- [Problem to work on] Without the pictures, write the listing below out again, line for line.

- [Supplied data]
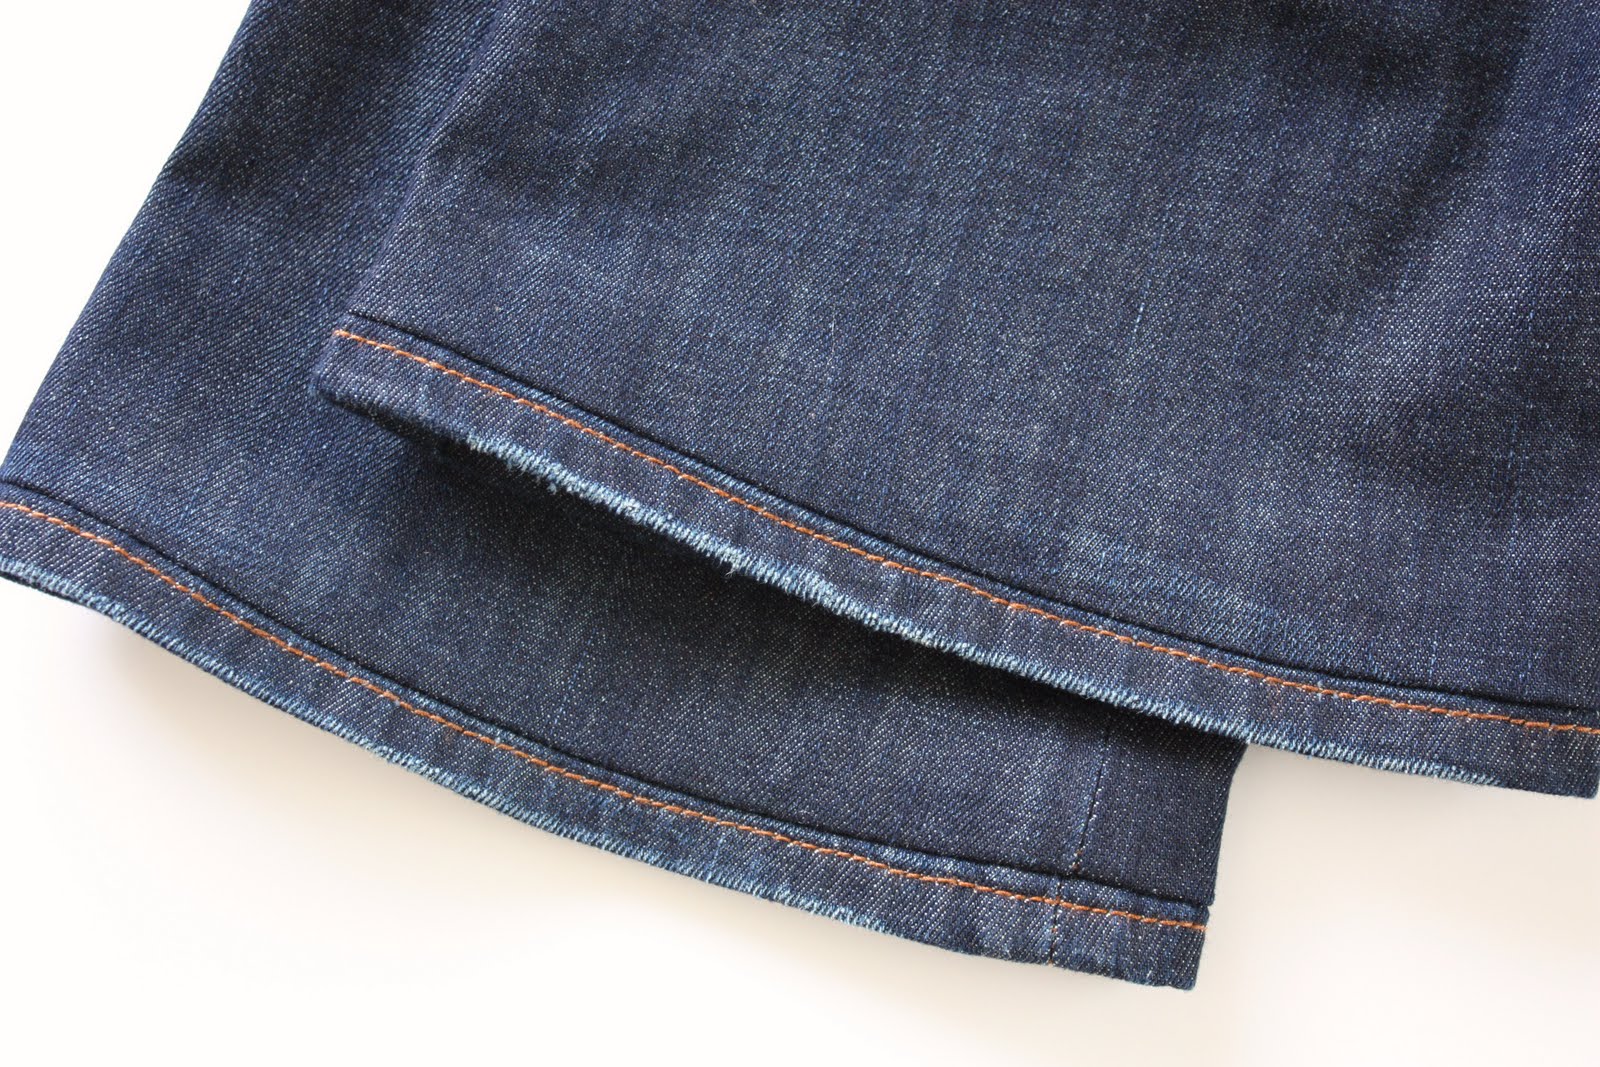 How To Hem Jeans
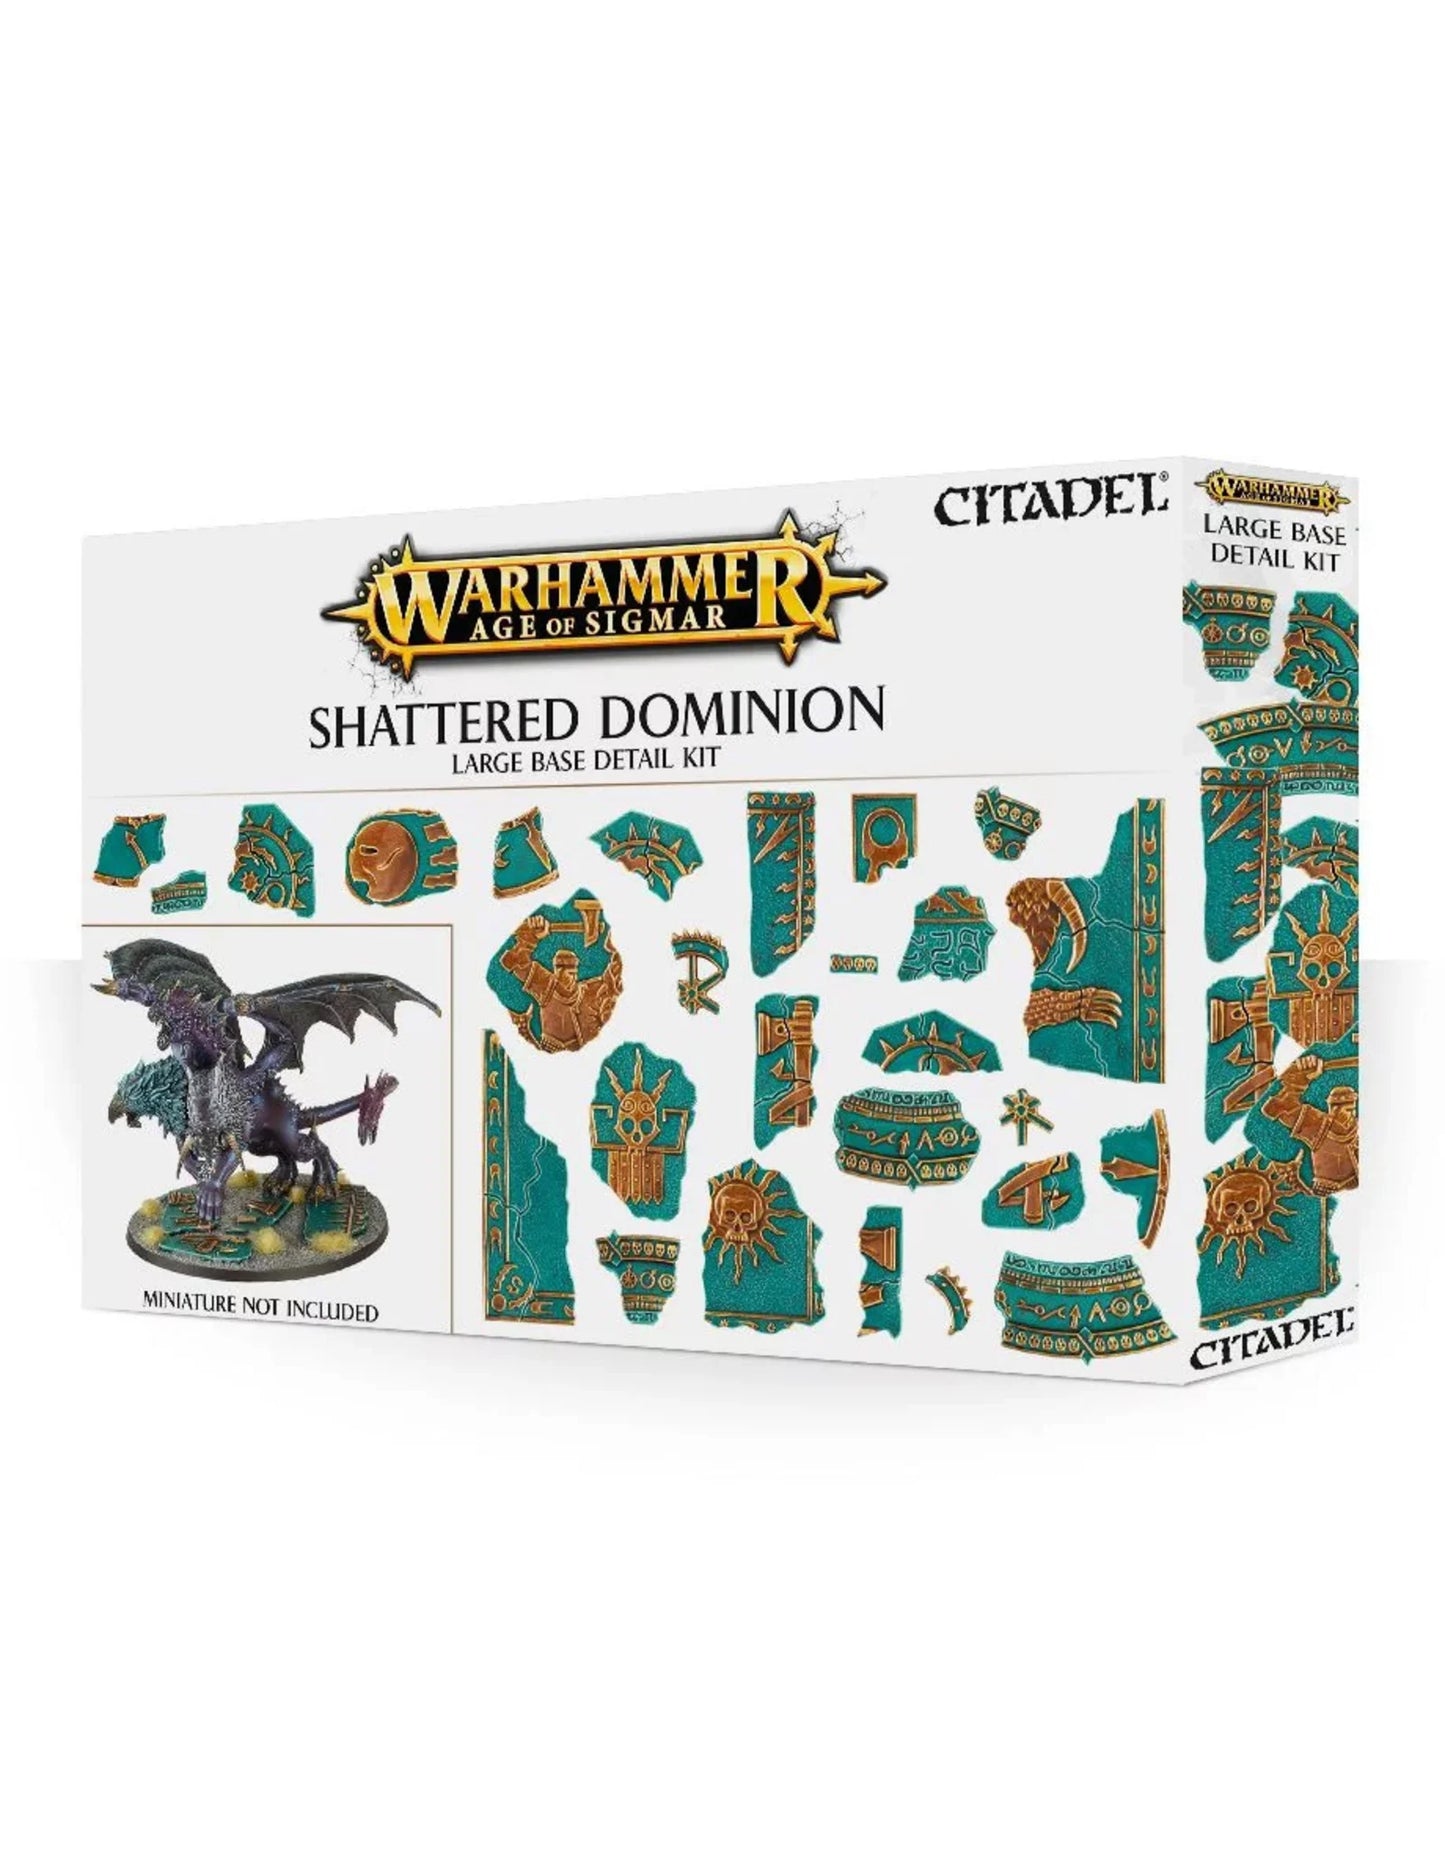 Age of Sigmar: Shattered Dominion - Large Base Detail
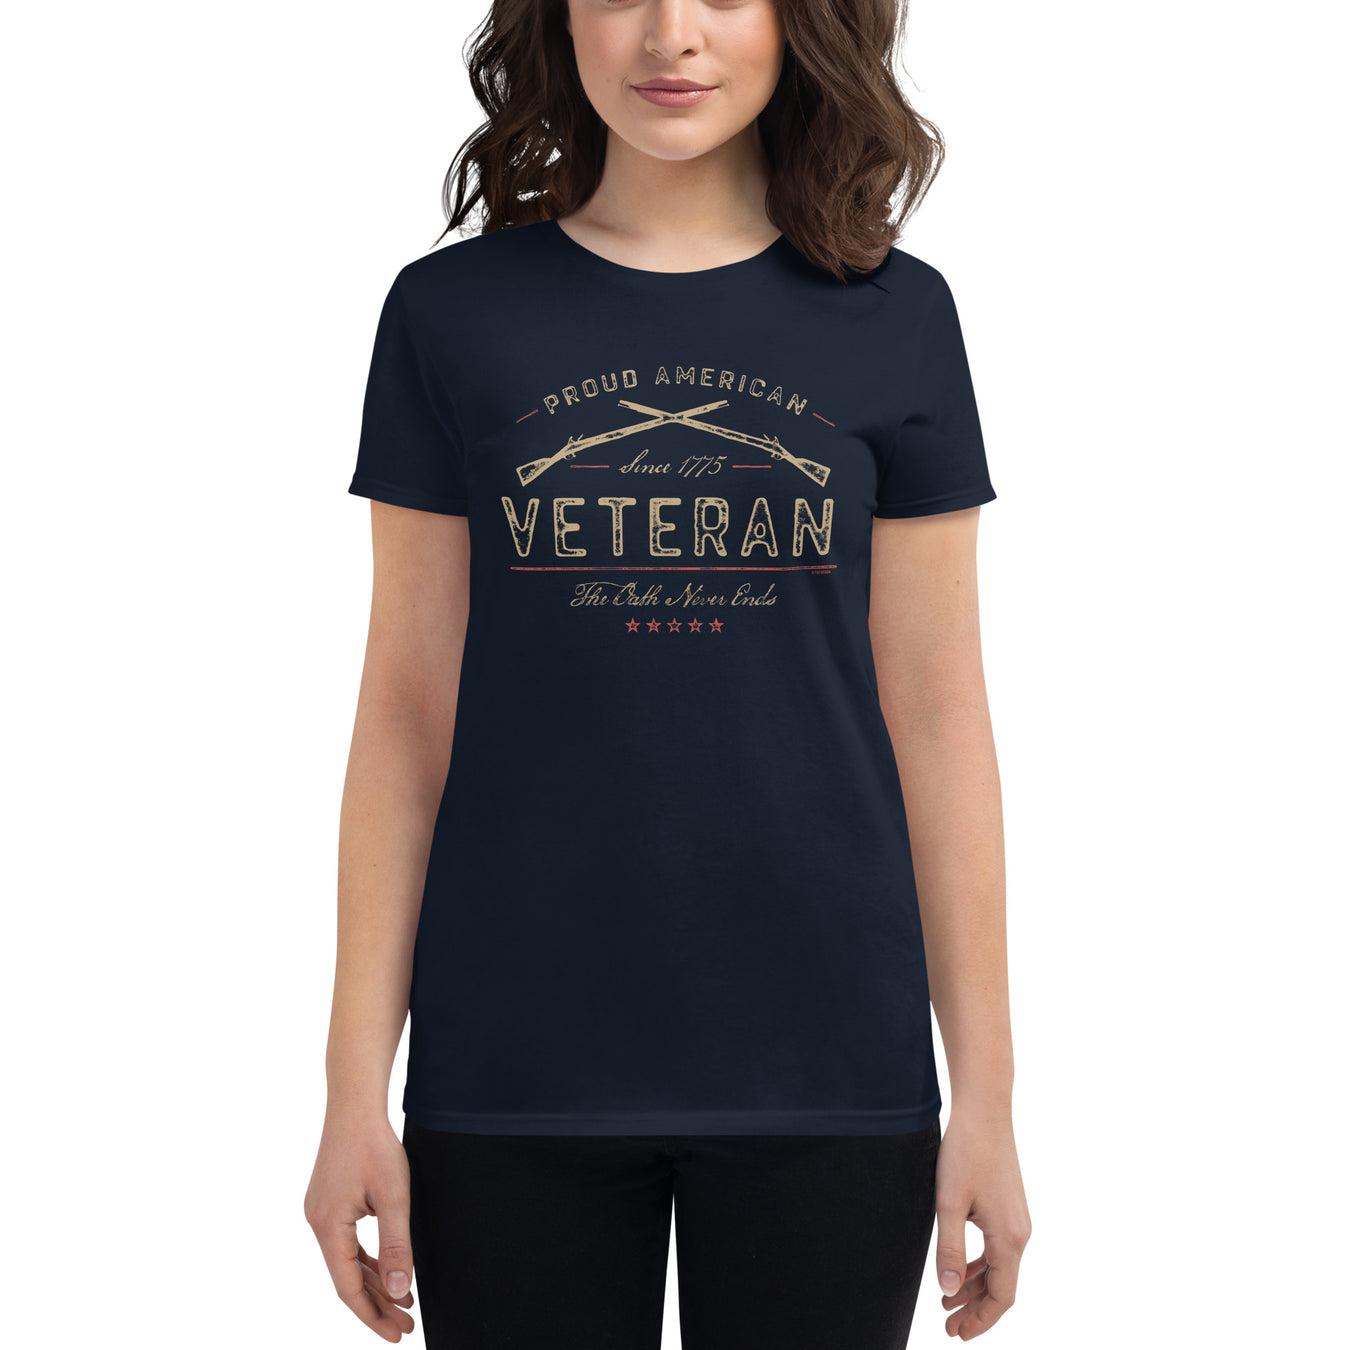 All Veterans Products

- [Answer]
 How To Hem Jeans
 Age of Sigmar: Shattered Dominion - Large Base Detail
 All Veterans Products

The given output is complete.